Some musical information such as key and time signature is valid for a segment of the score but only encoded in one location. To retrieve the “currently active” time or key signature at any score position, maps are available too.

[10]:
part.time_signature_map(part.notes[0].end.t)
[10]:
array([4., 4., 4.])

The part class contains a central method iter_all to iterate over all instances of the TimedObject class or its subclasses of a part. The iter_all method returns an iterator and takes five optional parameters: - A TimedObject subclass whose instances are returned. You can find them all in the partitura/partitura/score.py file. Default is all classes. - A include_subclasses flag. If true, instances of subclasses are returned too. E.g. part.iter_all(pt.score.TimedObject, include_subclasses=True) returns all objects or part.iter_all(pt.score.GenericNote, include_subclasses=True) returns all notes (grace notes, standard notes) - A start time in divs to specify the search interval (default is beginning of the part) - An end time in divs to specify the search interval (default is end of the part) - A mode parameter to define whether to search for starting or ending objects, defaults to starting.

[11]:
for measure in part.iter_all(pt.score.Measure):
    print(measure)
0--48 Measure number=1
[12]:
for note in part.iter_all(pt.score.GenericNote, include_subclasses=True, start=0, end=24):
    print(note)
0--48 Note id=n01 voice=1 staff=2 type=whole pitch=A4
0--24 Rest id=r01 voice=2 staff=1 type=half

Let’s use class retrieval, time mapping, and object creation together and add a new measure with a single beat-length note at its downbeat. This code works even if you know nothing about the underlying score.

[13]:
# figure out the last measure position, time signature and beat length in divs
measures = [m for m in part.iter_all(pt.score.Measure)]
last_measure_number = measures[-1].number
append_measure_start =  measures[-1].end.t
Last_measure_ts = part.time_signature_map(append_measure_start)

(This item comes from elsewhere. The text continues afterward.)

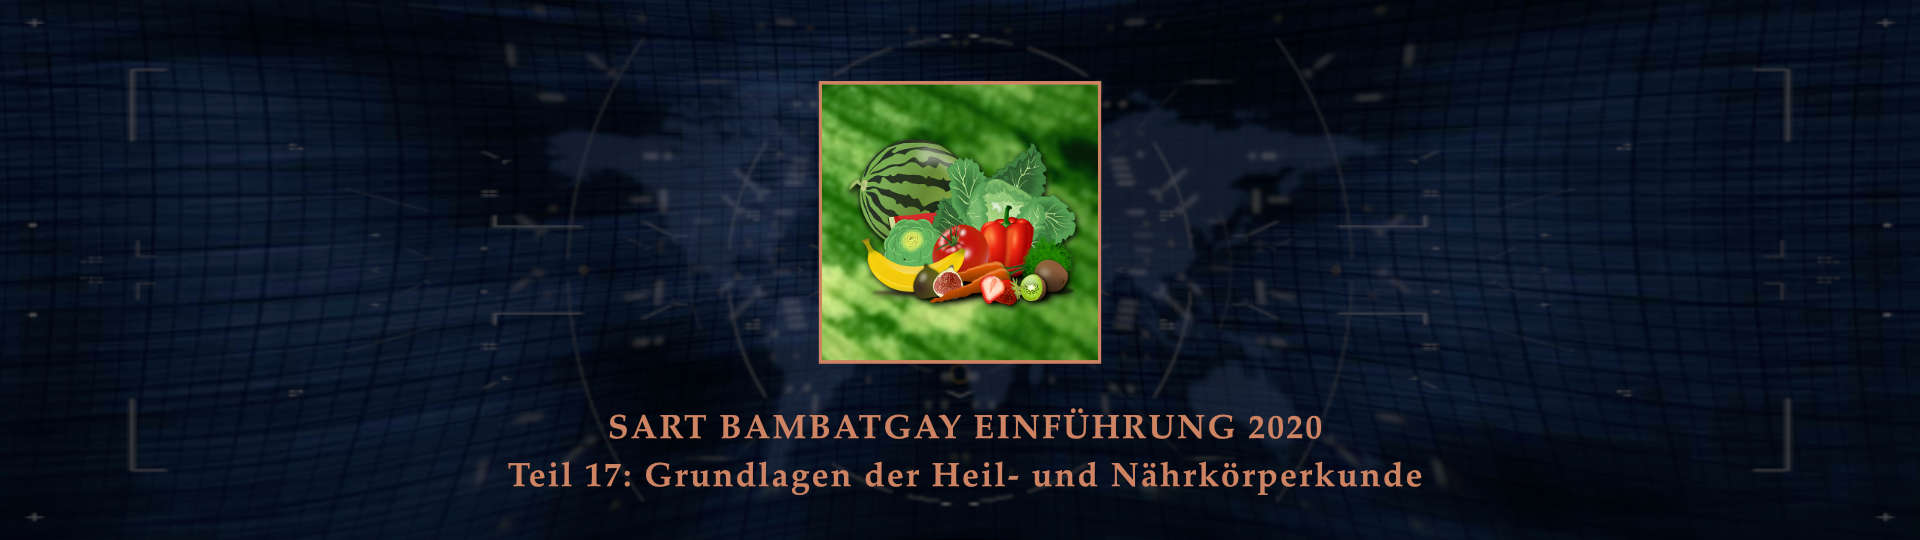 Sart bambatgay einfuehrung 2020 teil 17 grundlagen der heil und naehrkoerperkunde BANNER

Last_measure_ts = part.time_signature_map(append_measure_start)
one_beat_in_divs_at_the_end = append_measure_start - part.inv_beat_map(part.beat_map(append_measure_start)-1)
append_measure_end = append_measure_start +  one_beat_in_divs_at_the_end*Last_measure_ts[0]

# add a measure
a_new_measure = pt.score.Measure(number = last_measure_number+1)
part.add(a_new_measure, start=append_measure_start, end=append_measure_end)
# add a note
a_new_note = pt.score.Note(id='n04', step='A', octave=4, voice=1)
part.add(a_new_note, start=append_measure_start, end=append_measure_start+one_beat_in_divs_at_the_end)
[14]:
# print(part.pretty())

The PerformedPart class is a wrapper for MIDI files. Its structure is much simpler: - a notes property that consists of list of MIDI notes as dictionaries - a controls property that consists of list of MIDI CC messages - some more utility methods and properties

[15]:
path_to_midifile = pt.EXAMPLE_MIDI
performedpart = pt.load_performance_midi(path_to_midifile)[0]
[16]:
performedpart.notes
[16]:
[{'midi_pitch': 69,
  'note_on': 0.0,
  'note_off': 2.0,
  'track': 0,
  'channel': 1,
  'velocity': 64,
  'id': 'n0',
  'sound_off': 2.0},
 {'midi_pitch': 72,
  'note_on': 1.0,
  'note_off': 2.0,
  'track': 0,
  'channel': 2,
  'velocity': 64,
  'id': 'n1',
  'sound_off': 2.0},
 {'midi_pitch': 76,
  'note_on': 1.0,
  'note_off': 2.0,
  'track': 0,
  'channel': 2,
  'velocity': 64,
  'id': 'n2',
  'sound_off': 2.0}]
[17]:
import numpy as np

def addnote(midipitch, part, voice, start, end, idx):
    """
    adds a single note by midipitch to a part
    """
    offset = midipitch%12
    octave = int(midipitch-offset)/12
    name = [("C",0),
            ("C",1),
            ("D",0),
            ("D",1),
            ("E",0),
            ("F",0),
            ("F",1),
            ("G",0),
            ("G",1),
            ("A",0),
            ("A",1),
            ("B",0)]
    # print( id, start, end, offset)
    step, alter = name[int(offset)]
    part.add(pt.score.Note(id='n{}'.format(idx), step=step,
                        octave=int(octave), alter=alter, voice=voice, staff=str((voice-1)%2+1)),
                        start=start, end=end)
[18]:
l = 200
p = pt.score.Part('CoK', 'Cat on Keyboard', quarter_duration=8)
dur = np.random.randint(1,20, size=(4,l+1))
ons = np.cumsum(dur, axis = 1)
pitch = np.row_stack((np.random.randint(20,40, size=(1,l+1)),
                      np.random.randint(60,80, size=(1,l+1)),
                      np.random.randint(40,60, size=(1,l+1)),
                      np.random.randint(40,60, size=(1,l+1))
                     ))
[19]:
for k in range(l):
    for j in range(4):
        addnote(pitch[j,k], p, j+1, ons[j,k], ons[j,k]+dur[j,k+1], "v"+str(j)+"n"+str(k))
[20]:
p.add(pt.score.TimeSignature(4, 4), start=0)
p.add(pt.score.Clef(1, "G", line = 3, octave_change=0),start=0)
p.add(pt.score.Clef(2, "G", line = 3, octave_change=0),start=0)
pt.score.add_measures(p)
pt.score.tie_notes(p)
[21]:
# pt.save_score_midi(p, "CatPerformance.mid", part_voice_assign_mode=2)
[22]:
# pt.save_musicxml(p, "CatScore.xml")

4. Extracting Information from Scores and Performances

For many MIR tasks we need to extract specific information out of scores or performances. Two of the most common representations are note arrays and piano rolls.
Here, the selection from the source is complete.